Well, initially I wanted to write some pop songs. I was wondering why the “serious” composer is expected to set poetry, instead of just writing a song (music and lyrics) like Bob Dylan. Also, you can’t be a young hip composer these days without trying to incorporate pop influences into your music. Otherwise you don’t fit into the critical narrative. However, I quickly found that writing pop songs for orchestral instruments can sound pretty lame. So while I liked the idea of saying I was working on a “rock opera,” the finished product might be pretty far removed from this initial conception. What I’m left with are some original songs about love and loss. Like most good songs.

Not having heard it yet, the title implies a very personal meaning. How do you feel about putting yourself into your music? Do you want to represent your own emotions and worldview and such, or let the music take on a character independent of yourself?

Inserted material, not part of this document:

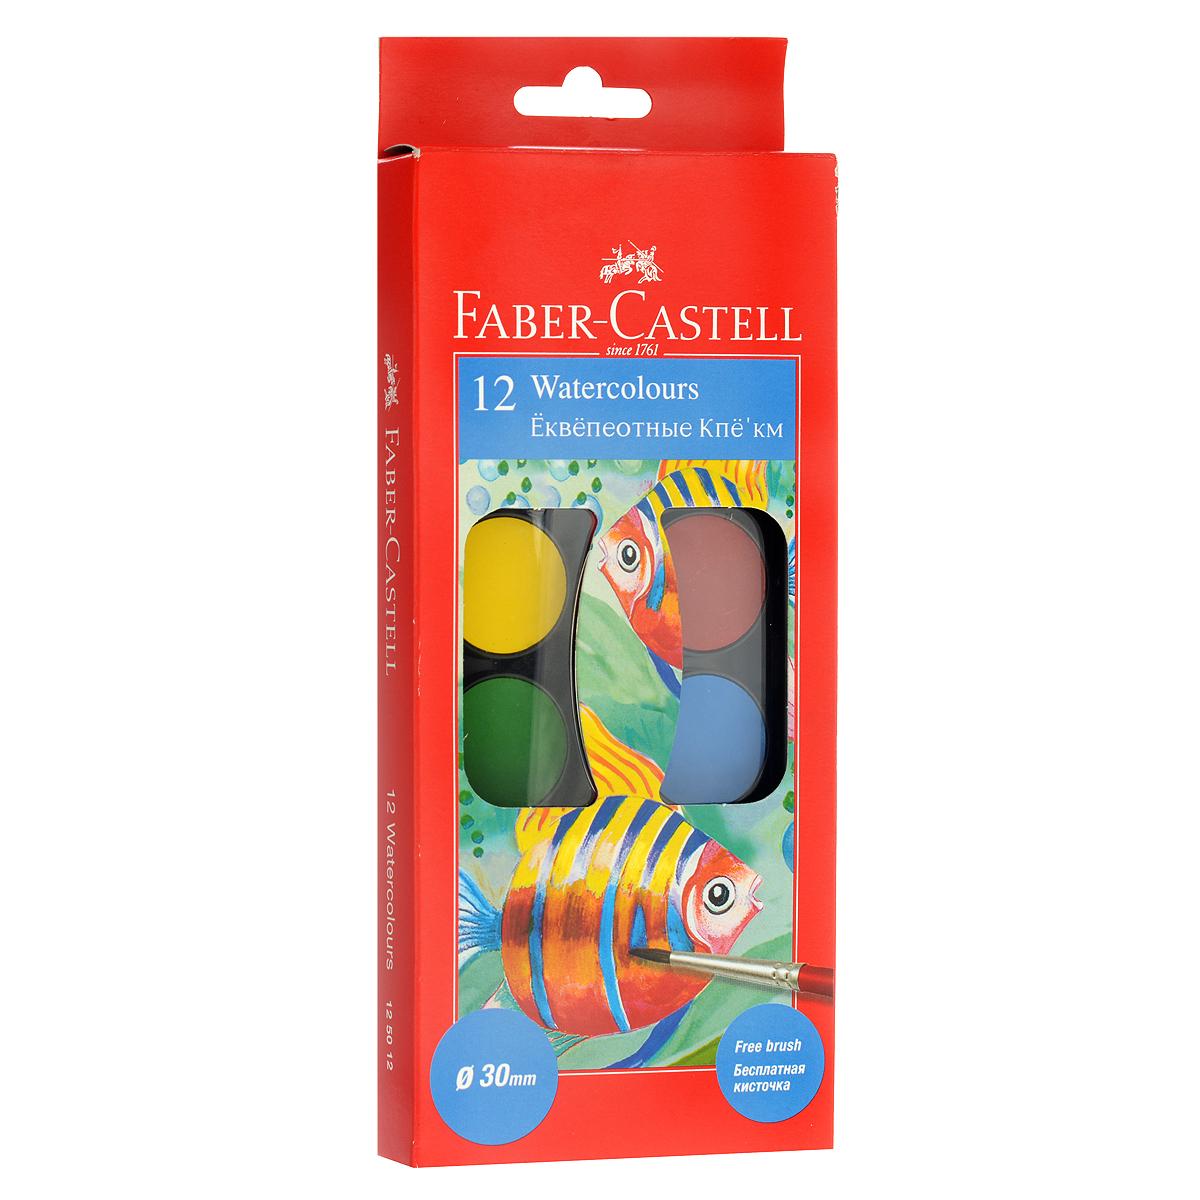 Акварельные краски Faber-Castell, с кисточкой, 12 штFS-00261Акварельные краски Faber-Castell - это живые и яркие цвета с прекрасной покрывающей способностью, богатая цветовая палитра при смешивании красок, прекрасный результат нанесения на бумагу и другие поверхности. Акварельные краски Faber-Castell - рисуйте в удовольствие! Кисточка в подарок!

It’s not something I actively set out to do, I also don’t set out NOT to do it. It seems crazy to think “nothing of me is in this piece of art,” because one that’s bullshit, no matter how hard you try something about your circumstances and life went into the creation of that thing at that time, and two, I’m not sure the artist should consider that desirable. In any case, it’s pretty hopeless for me. Pieces I obsessed with at the time find their way into my music, as do my life situations and world views, and personality. I don’t fight it, isn’t that one of the things that makes art interesting? That said, music is abstract and it’s not like I set out to write an autobiography. I just want to write music that I find moving and meaningful, and sometimes that becomes more personal and sometimes less so.

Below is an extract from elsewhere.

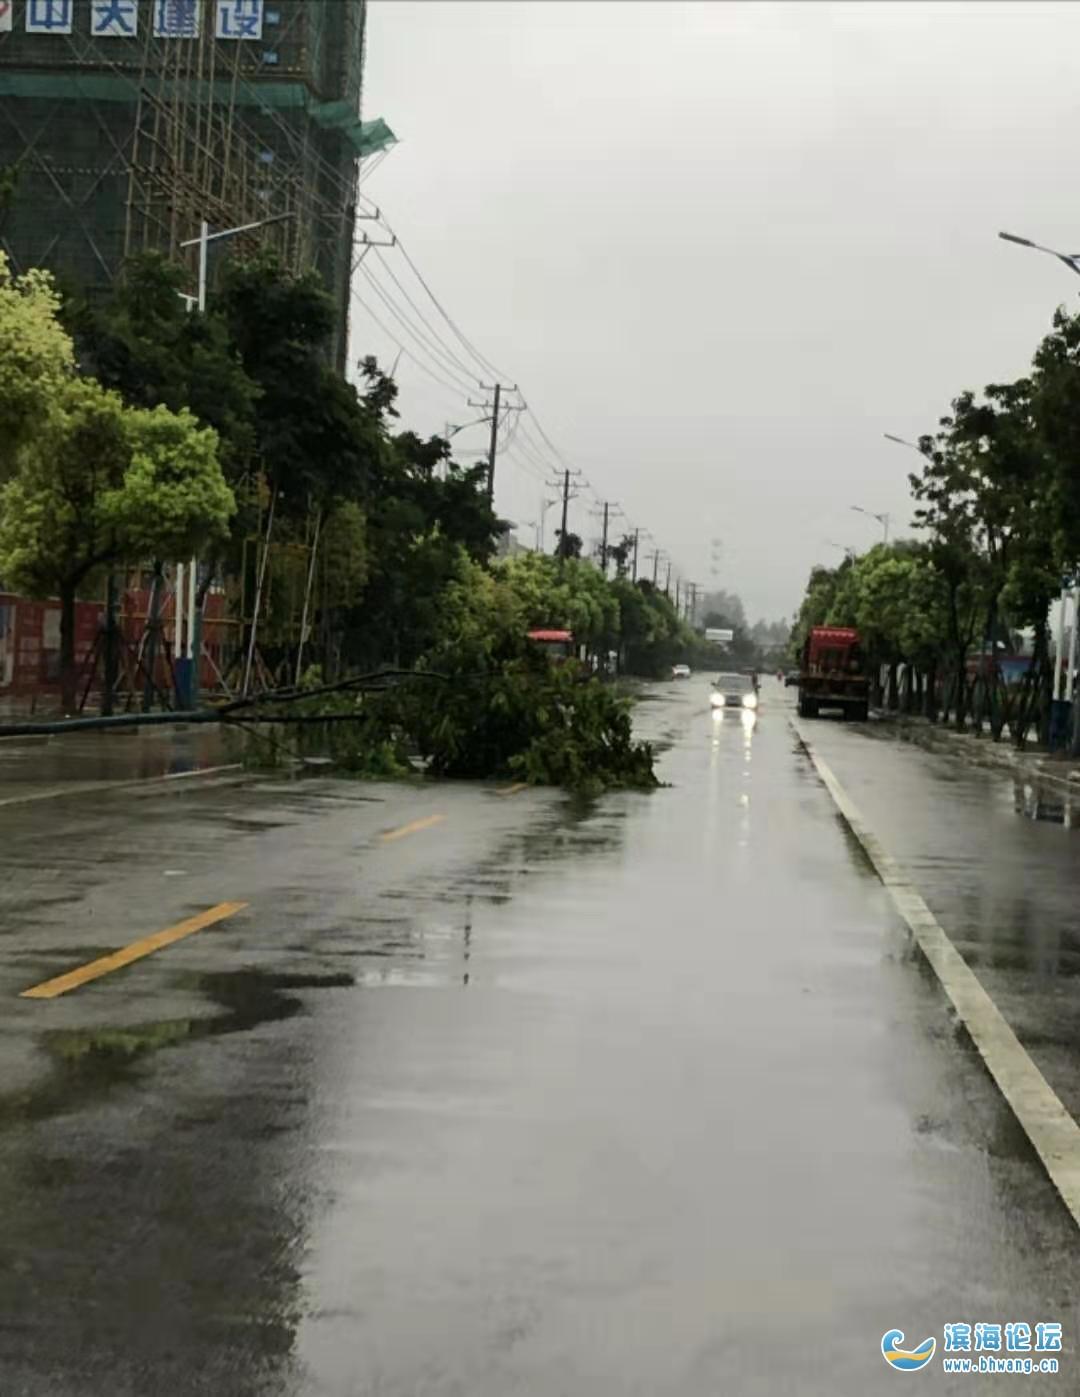 永寧路樹刮倒了也沒人問了

With the previous questions in mind, do you prefer to explain and discuss your work with audiences, or let your music speak for itself? I ask because of the minimal (and quite eye-catching) program notes that What’s Next? used at their last concert, and because it seems like there are artistic and experiential implications when you discuss a work before listeners hear it.

Shrug. I’m a little indifferent. I get annoyed when an explanation becomes longer than the piece. But sometimes it’s nice to give the novice listener something to grab onto. Listening to music- really listening- is a learned art and you can’t expect to just throw people into classical music concerts and really understand everything. I hope that my music speaks for itself. I think sometimes you can get more from a piece if you know just a little more about it before you hear it. Or maybe even better after you hear it. I don’t think there will be any explanation for my piece in the program though.

Since you’re both composer and performer, and a very virtuosic and capable one at that, I’d like to know your feelings on the performer-composer relationship, and the role of individual virtuosity these days.

I’ll let you know how it goes when others have attempted my marimba solo. I can and do proselytize about the need for composers to write music that is no more difficult than it absolutely needs to be, but I’m not sure if I listen to my own advice.

What else is on the horizon for you?

I’m writing a string quartet (with trumpet) about Los Angeles. It’s called The Angels. Get it? My new percussion quartet will be premiered by the Los Angeles Percussion Quartet in the spring. And What’s Next? is a lot of work.

As always, since we are in fact promoting LA as place for people to come for music and beyond, what is your favorite:

1. Neighborhood

I’m a Los Angeles Cosmopolitan, not a Balkan.

2. Place to hear music

Hmm. Wherever it’s good? I guess I’m seen most at Disney concert hall, and the Blue Whale in Little Tokyo.

3. Restaurant

Well, I’ll give a plug to Malibu Seafood, in Malibu obviously.

4. Bar/hang out

I liked Wurstkuche before it was cool. My new favorite is BeerBelly, little Tokyo. Apparently they have lucky charms pancakes. I haven’t had those.

5. Store

I’ve never considered having a favorite store.

6. Thing to do/see

Concerts. And climbing mountains. That basically sums it up.